On the South Side of Chicago, people like Brown wait for the stroke of midnight, when one month gives way to another and brings a new allotment of food stamps.
Dennis Kladis began opening his family owned One Stop Food & Liquors once a month at midnight nine months ago to give desperate families a chance to buy food as soon as possible.
(Excerpt) Read more at news.yahoo.com ...
This is a case that deserves our sympathy, not scorn. Given the above quote, it's likely that she just doesn't have the skills needed to learn how to boil water or safely use a sharp knife.
Duh. They probably buy sugar cakes and chips and soda.
Beans, rice, seasonings, potatoes, OJ, bananas, lentils (a bean but almost a separate food), and a few more and those children would be as healthy as elephants. Instead, duh, “Buy me those Twinkies mom” “Duh, OK”
And here lies the crux of the issue. I just got groceries last night. Couple of trays of Chips Ahoy were $8, regular price. Flour, Eggs, Milk, Sugar, etc to make the same cookies, along with a ton of other, more nutritious food? More than $8...but not much more.
I'll be glad when the MSM stops spoonfeeding us this crap.
Actually, in my neck of the woods large AA’s are $1.45 and a gallon of 2% is $2.99, and that’s shopping at the expensive shops - bargains can be found if you try....
That’s what I had for lunch..........and yesterday.........and the day before........
Those are NOT Chicagoland prices.
The other day I was in Whole Foods in Willowbrook, IL (not exactly a down-and-out neighborhood) and the people in front of me were using their Link Card (what we have in IL instead of food stamps, it’s like a credit card instead of actual food stamps) by buy ice cream and junk food. Even Whole Foods store brand is expensive.

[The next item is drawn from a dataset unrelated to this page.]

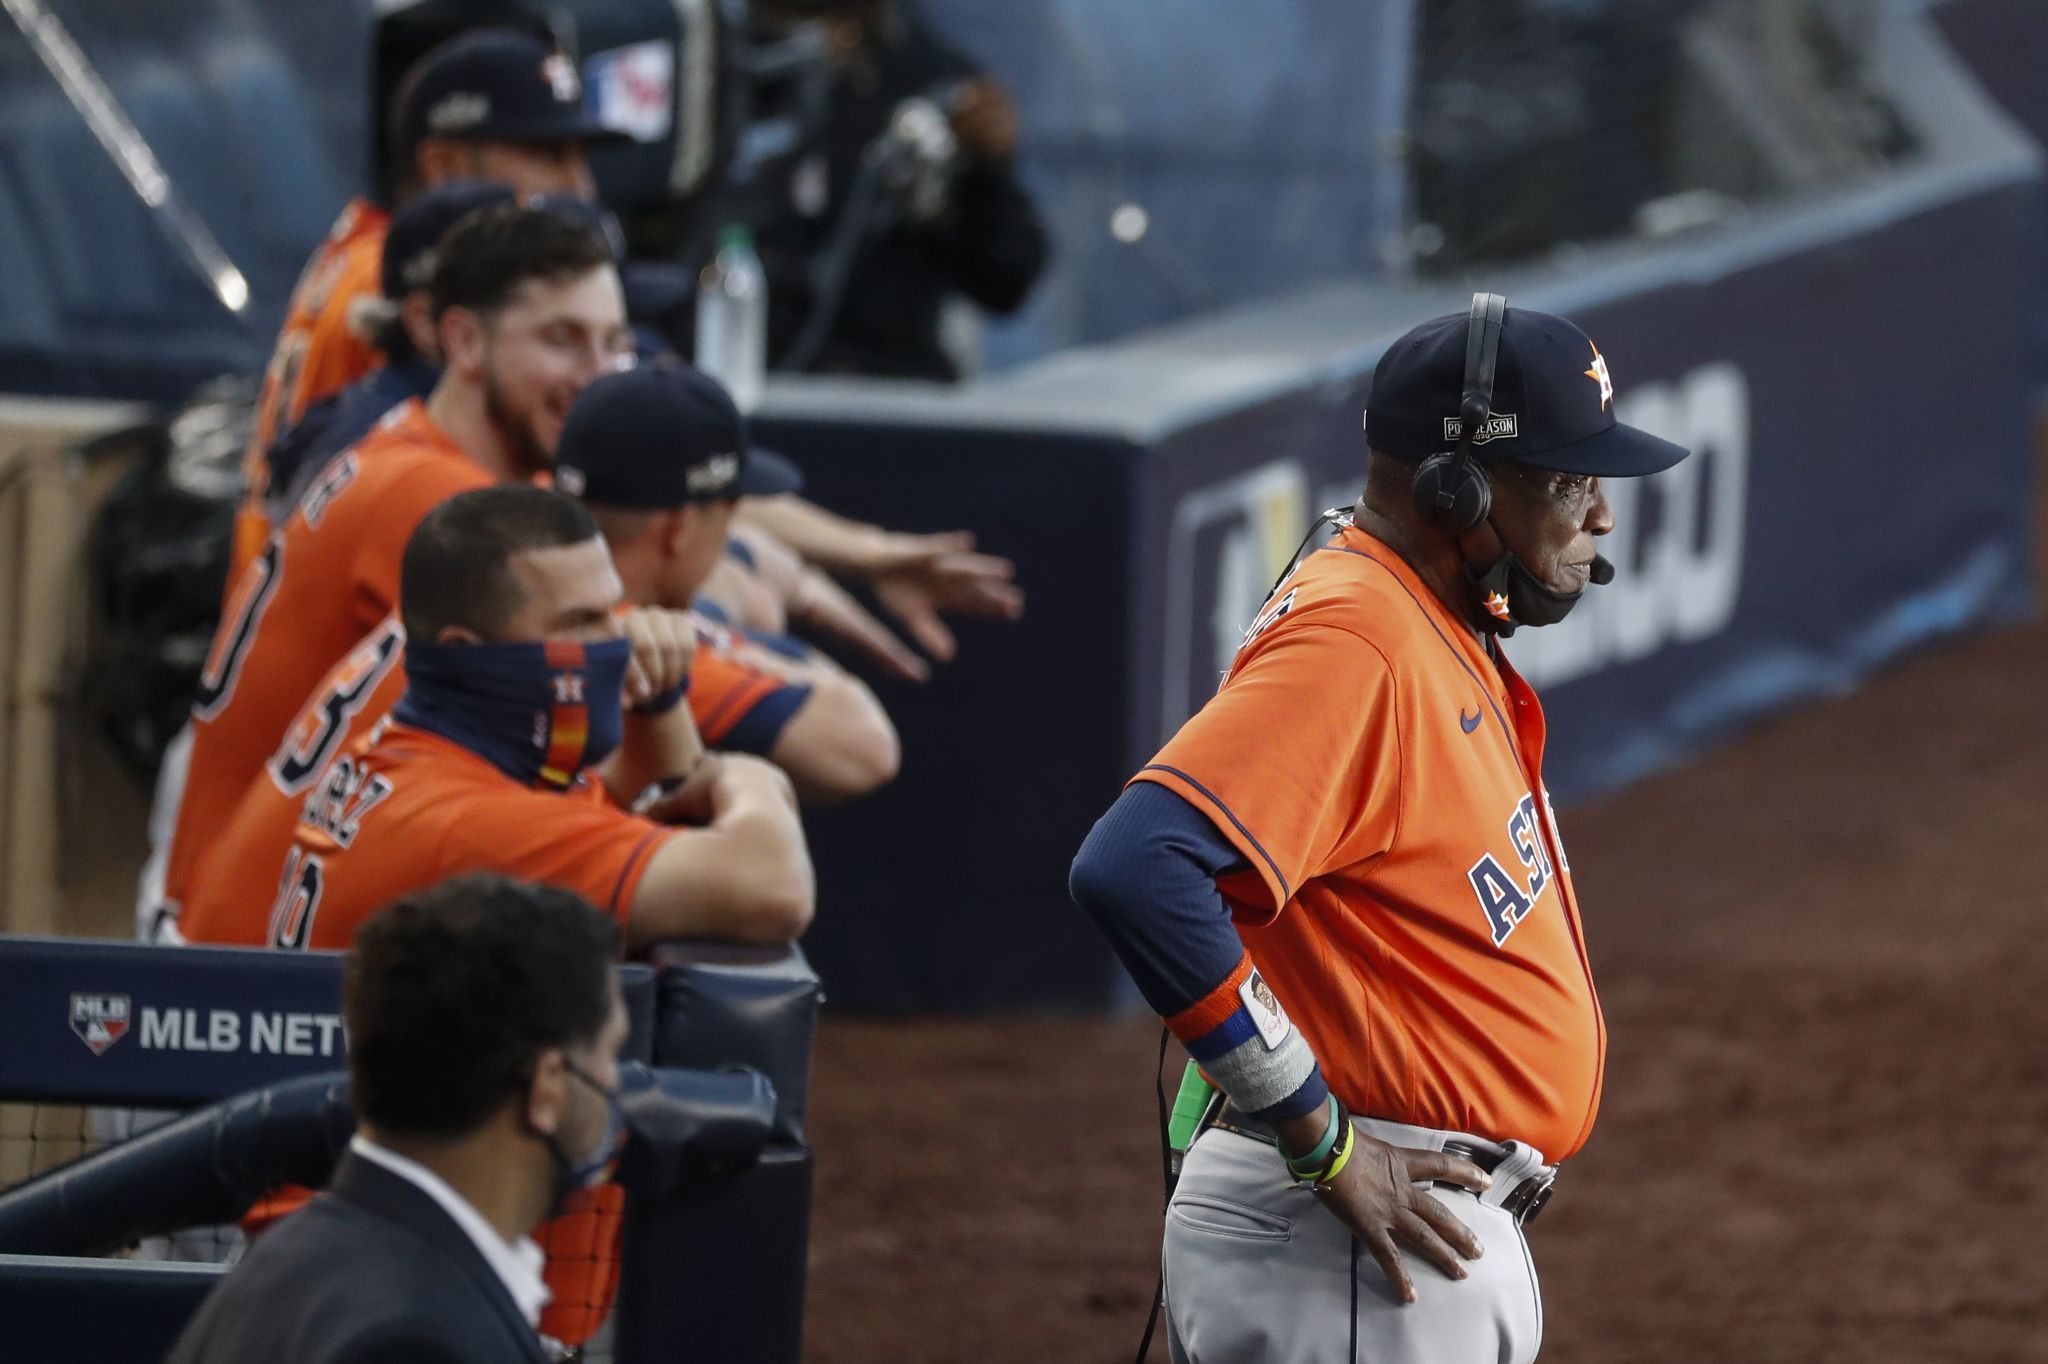 ALCS Game 7 Rays 4, Astros 2

About a year ago I was in the regular grocery store behind some teenage girls using their Link Card to buy chips and ice cream. They were thowing a fit because their card wouldn’t work. We saw them drive away in their fairly new Cadillac.
Pure and simple, it's all about the votes.
Notice the freeloader in the article has spent her FREE $312 "nearly two weeks ago"......
and not ONE WHINE re: her "babies daddies" feeding his (their) kids.
Once I stood in a checkout line behind a lady that looked just like this with a basket full of groceries I wished I could afford. When she pulled out her food stamps to pay, the cashier took several cans of dog food and said, "you can't buy these with food stamps". Without a word, she snatched the cans from the cashier and took her sweet time walking away and returning with steaks. She threw them on the counter, put her hands on her hips and snaked her head back in forth as she said in a sarcastic tone, "My dog likes these better anyway". True story.
That’s what I was going to say, WIC covers the kids. I can’t imagine what she is buying for herself that is not $312 is not covering.
Well, yes I can.
Where do you get a month’s dairy supply for $30? Seriously?
LOL! The golden trifecta.
Well, in a few years her children can enter the public education system and get FREE breakfast and lunch. By then she’ll have a few more at home though so probably won’t make much of a difference.
I guess she just doesn’t know how to shop, or won’t deny herself expensive food.
I was feeling guilty for buying solid white albacore instead of regular canned tuna the other day, but now I don’t :-P
A FReeper the other day posted that she got tired of taking food to the food bank in her 10 yr old car and watching people in their 1yr old cars coming to pick it up.